Annie Pedret

Associate Professor

pedret@uic.edu

PhD, Massachusetts Institute of Technology
SMArchS, Massachusetts Institute of Technology
BArch, University of British Columbia
BSc, University of Toronto

Annie Pedret joined the faculty at the School of Architecture in 2007 to teach architectural history and theory. She came with experience as an architect in Vancouver, Toronto and Barcelona, and most recently as an Assistant Professor at the Illinois Institute of Technology. She has given papers at the annual meeting of the Society of Architectural Historians, and conferences at the Politecnico de Milano, the Alvar Aalto Academy, has been invited to be a respondent at conferences at the Illinois Institute of Technology and University of Pennsylvania and be on design juries at MIT, RISD, Yale and Syracuse. Her writings have appeared in the Journal of the Society of Architectural Historians, Journal of Architectural Education, and in publications Team 10 in search of a utopia of the present (NaI, 2005). Pedret is interested in the complex relationship between modernism and critical postmodern thinking.
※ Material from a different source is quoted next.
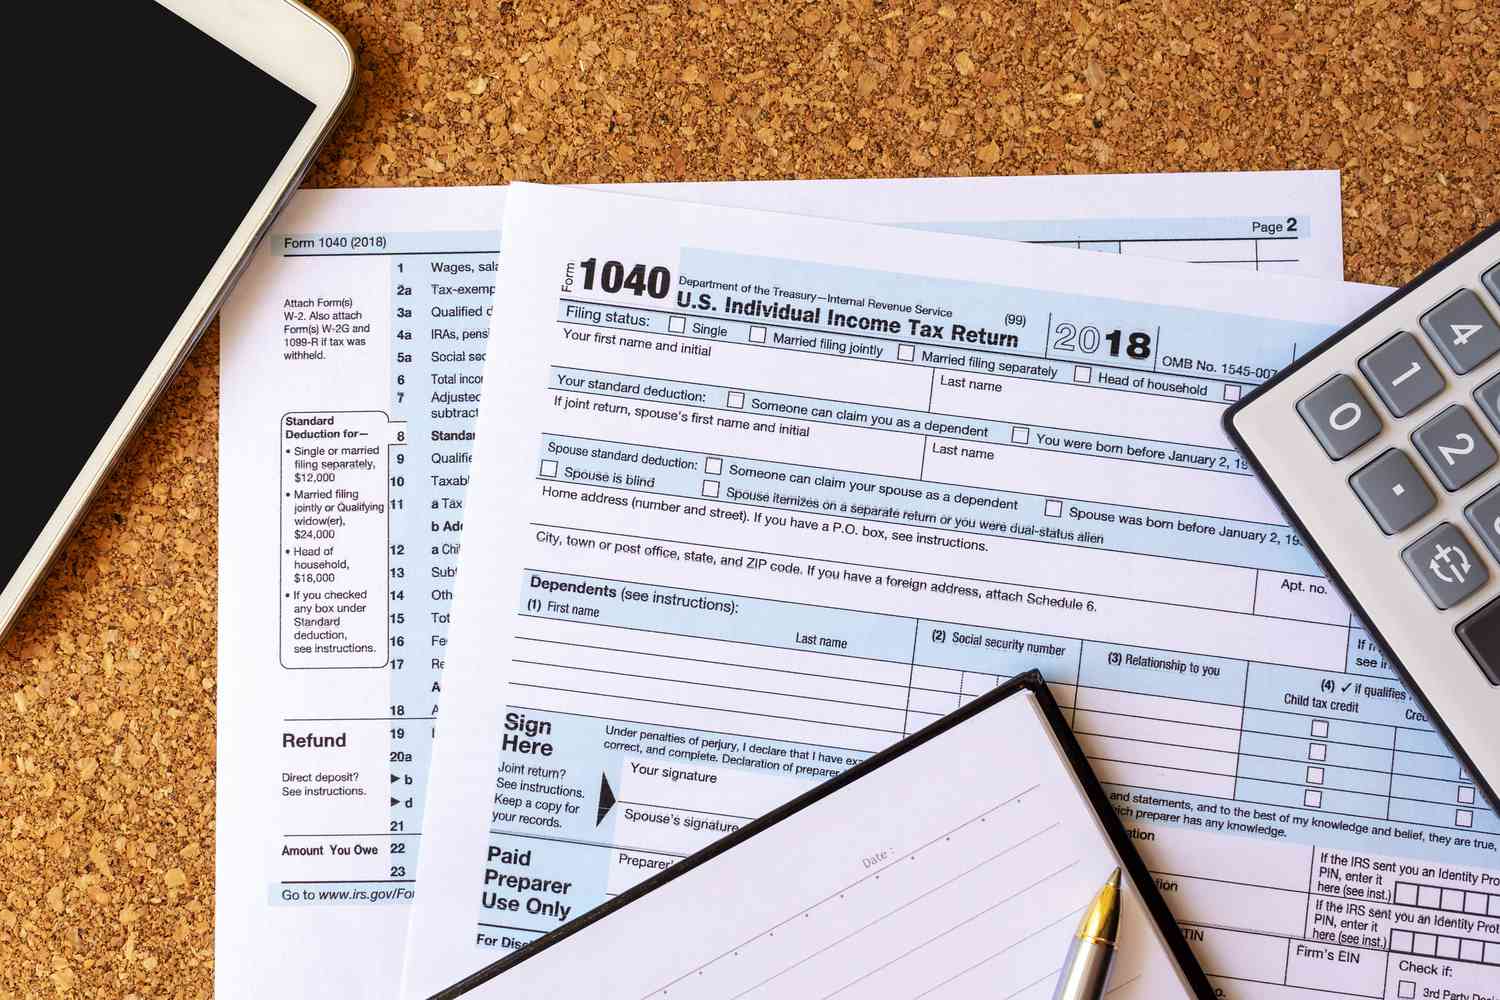 What Is A Notice Of Deficiency From The IRS?

Her research has focused on the debates and reassessment of modern architecture after World War II and the contribution of this discourse to architecture culture in the United States and Europe, and contemporary practice. Her research methods have ranged from the analytical, in her systematic investigation of the published writings of Louis I. Kahn's theory of theory and design, silence and light, to the historical, as evidenced in her extensive archival research on the debates by Team 10 within CIAM in the 1950s. Pedret is currently working along more philosophical lines on the nature of the impulse that motivates us to think and act ethically, the first segment of which was published in the The Archeworks Papers (2007). Her work is based on an appreciation of nuance, complexity, and the premise that being critical of ones methods and the ontological frameworks in which one thinks are the basis of critical action, thinking, and research.